|
| |
August 14th, 2008 @ 8:34 am
If you are not aware yet, a major bug has been revealed in ESX 3.5 and ESXi 3.5 Update 2. Apparently, the beta was coded to expire on August 12, 2008 and this code failed to be removed from the actual release. Details are available in the VMware Knowledge Base and This Topic on their forums. You might also checkout This Post on Matthew Marlow’s blog for more information.
On the morning of the 12th, I was greeted with several errors like this one in the logs for our ESX cluster:

VMware finally released the patch really late Tuesday night, which, unfortunately kept me up most of the night getting our cluster patched.
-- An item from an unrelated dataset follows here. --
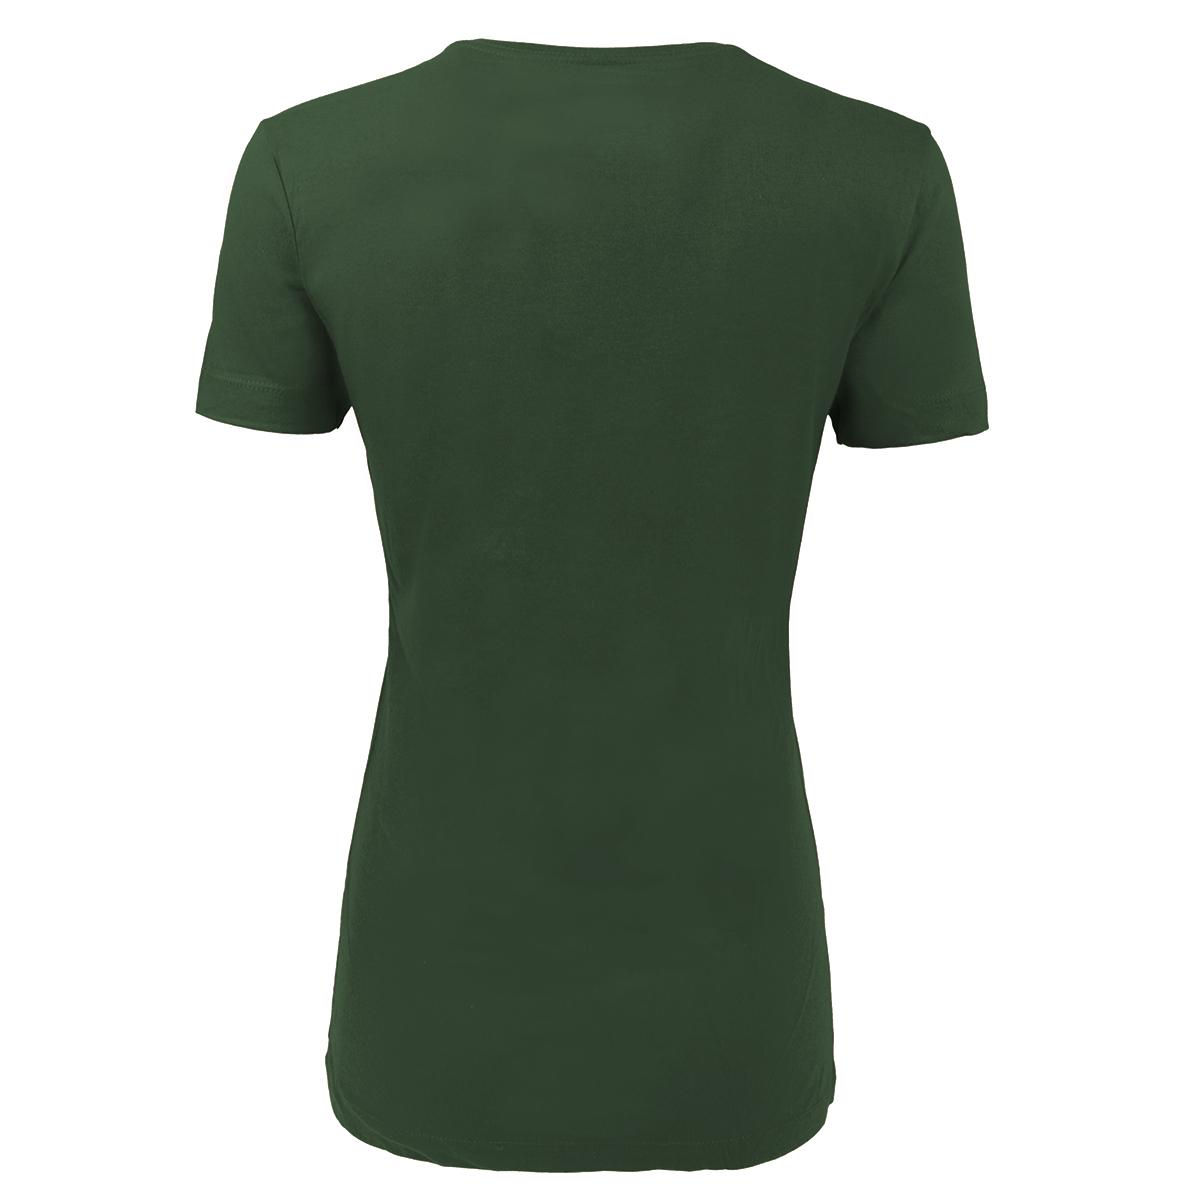 Nike-Women-039-s-Cotton-Slim-Fit-T-Shirt thumbnail 7

It involved setting back the clock on all of the hosts so Vmotion would work, manually migrating VM’s off of a host, going into maintenance mode, applying the patch via the command line, then migrating the VM’s back.
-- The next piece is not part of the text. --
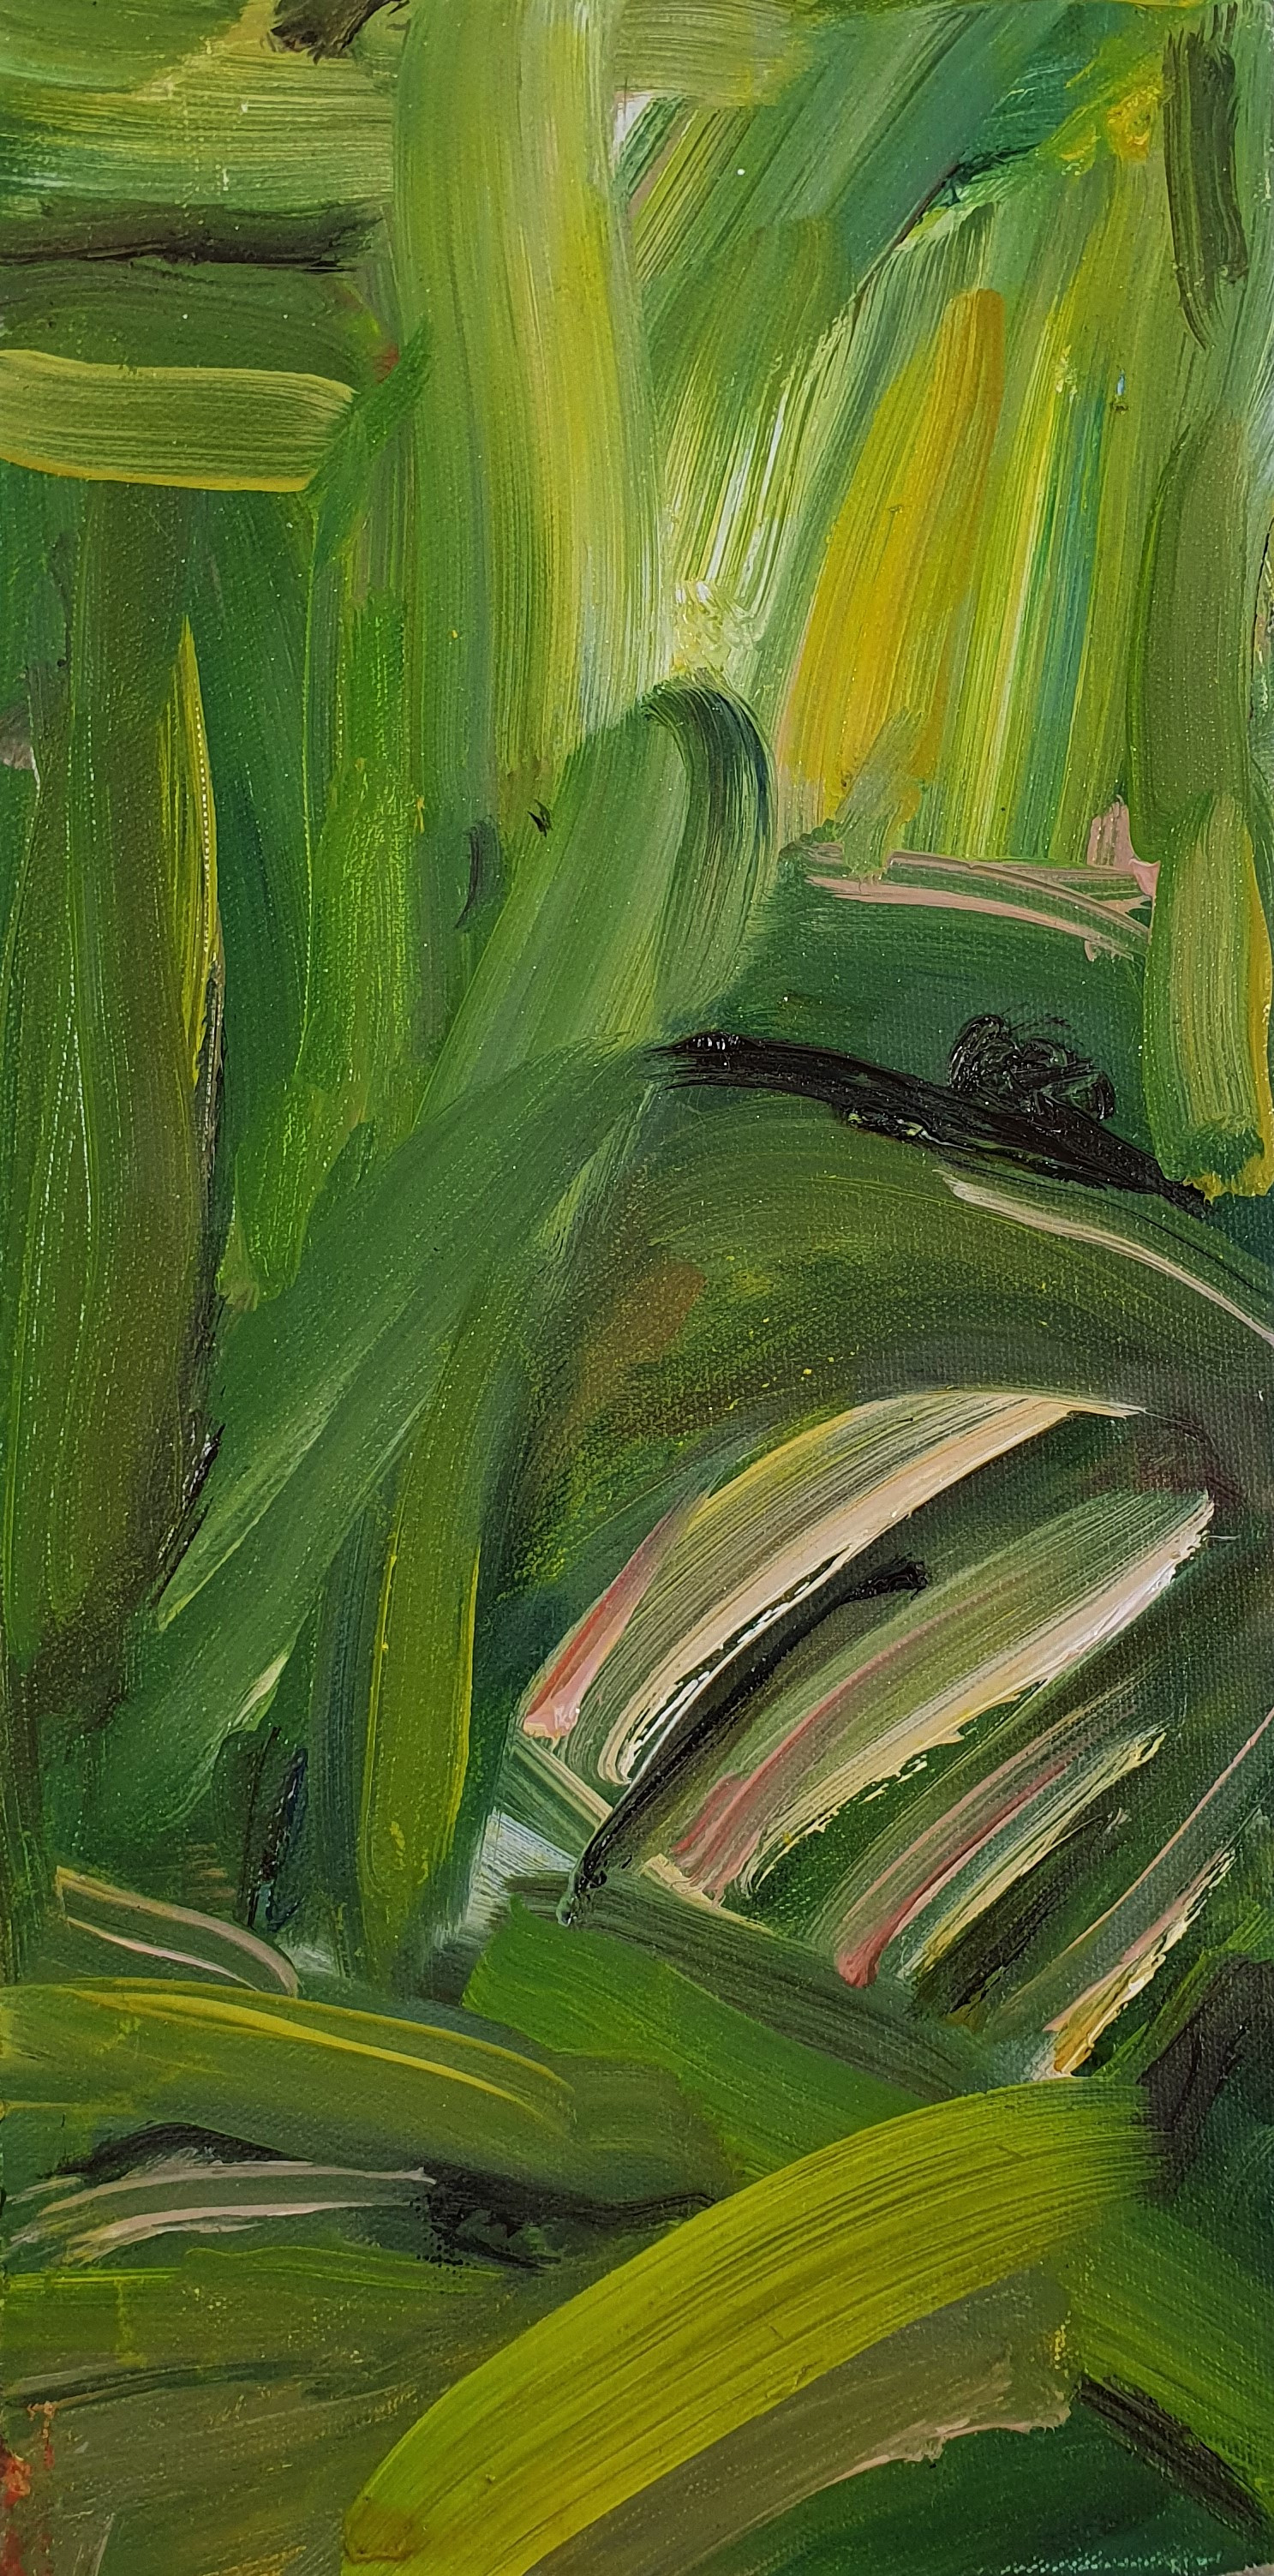 28. Green

VMware is one of my favorite companies and it know for delivering rock-sold, enterprise-class products, so it really disappoints me that they would let something like this slip through the cracks. Imagine how many hundreds of thousands (Maybe millions?) of VM’s this affected. They do seem to be committed to fixing their mistake and making things right. You can check out the Letter From Their CEO for more info.
July 2nd, 2008 @ 2:12 am
I’m seeing an interesting, and seemingly recurring issue with one particular user’s Exchange calendar. The complain is always that when a new appointment is added to the calendar, it disappears a minute or two later. The event log on the Exchange Server always shows these errors:
Calendaring agent failed with error code 0×80040215 while saving appointment.
Calendaring agent failed to update the free/busy cache during an appointment save or delete operation.
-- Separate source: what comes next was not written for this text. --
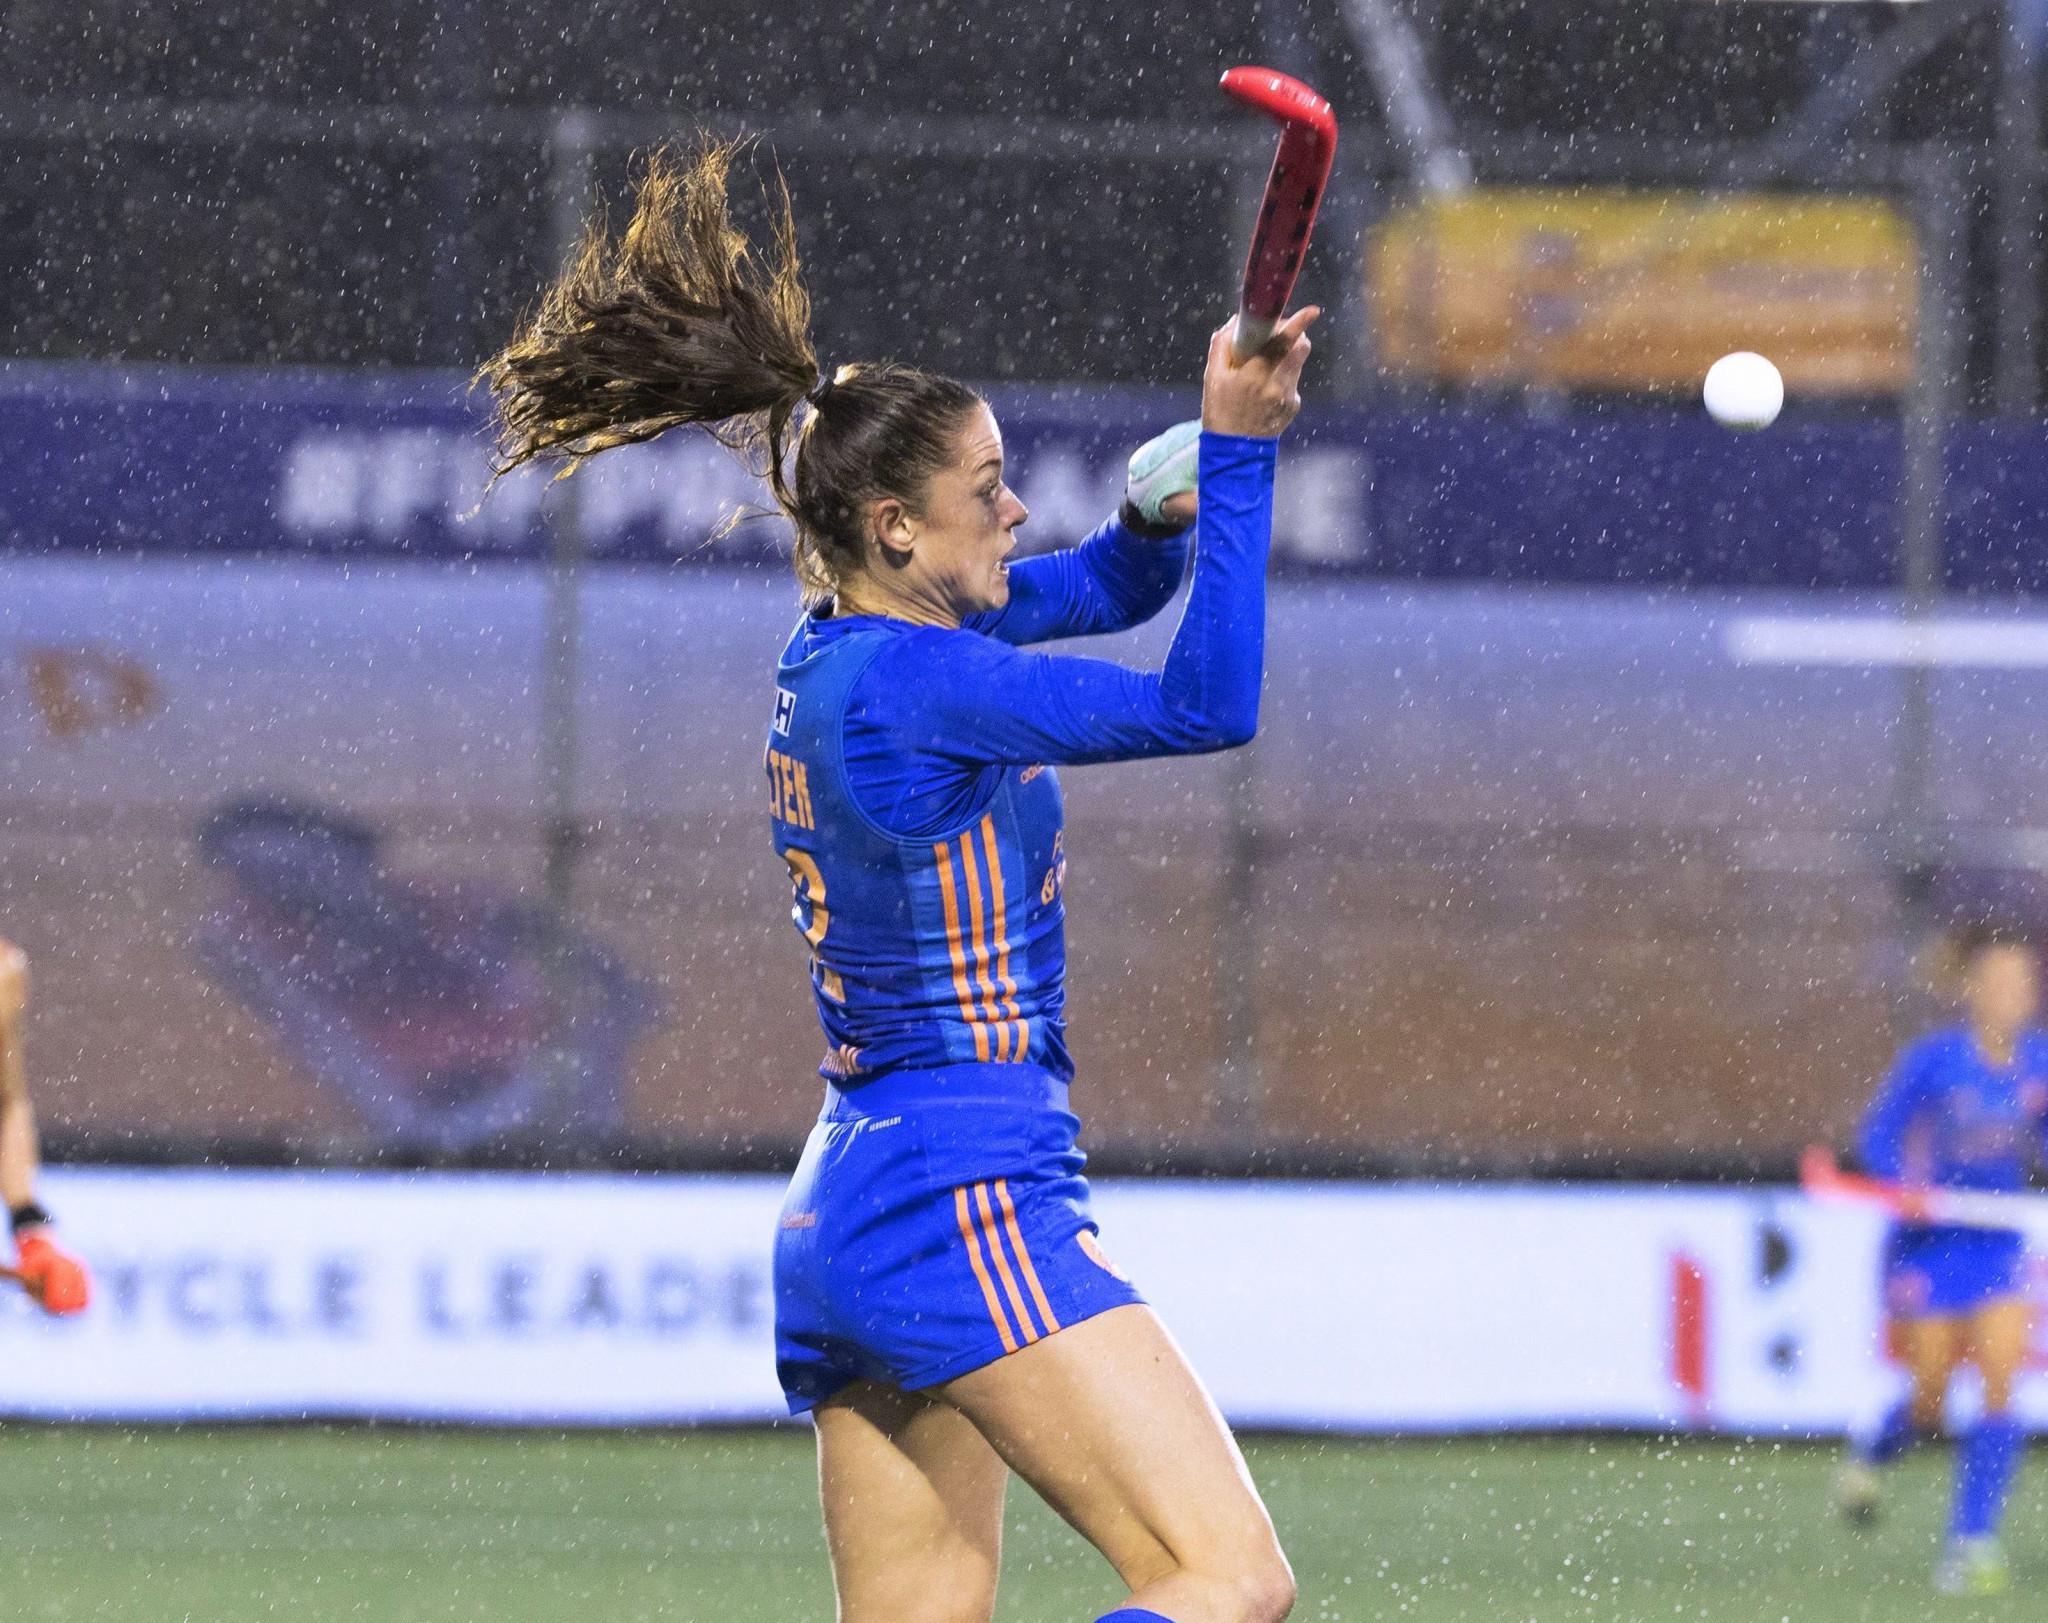 Lidewij Welten opened the scoring in the women's match ©Getty Images

Calendaring agent failed in message save notification with error 0×800703eb on XXXX@jfbc.org: /Calendar/test.EML.
I’ve tested, researched, tried to reproduce, etc, etc and am at a loss as to what’s causing this. The only thing I can think of is maybe it’s related to syncing the users Palm Pilot. Maybe the Palm device is allowing something to be input that Exchange doesn’t like?
I have figured out that there is some corrupt record that exists in the mailbox that’s causing this. Moving the mailbox to another database and then back clears things up for a while, then it pops back up. I’m curious if anyone else out there has seen anything like this?
June 4th, 2008 @ 11:06 am
Over the Memorial Day holiday, I had a “VMware Upgrade Party.” I’m not sure it was really a “Party” since I was the lone attendee, but I’ll call it one anyway. I got all of our ESX servers upgraded to the latest build of 3.5, as well as Virtualcenter to the latest 2.5 build. I also added our fourth ESX server, which is the diskless, boot from SAN box I talked about a couple of weeks ago.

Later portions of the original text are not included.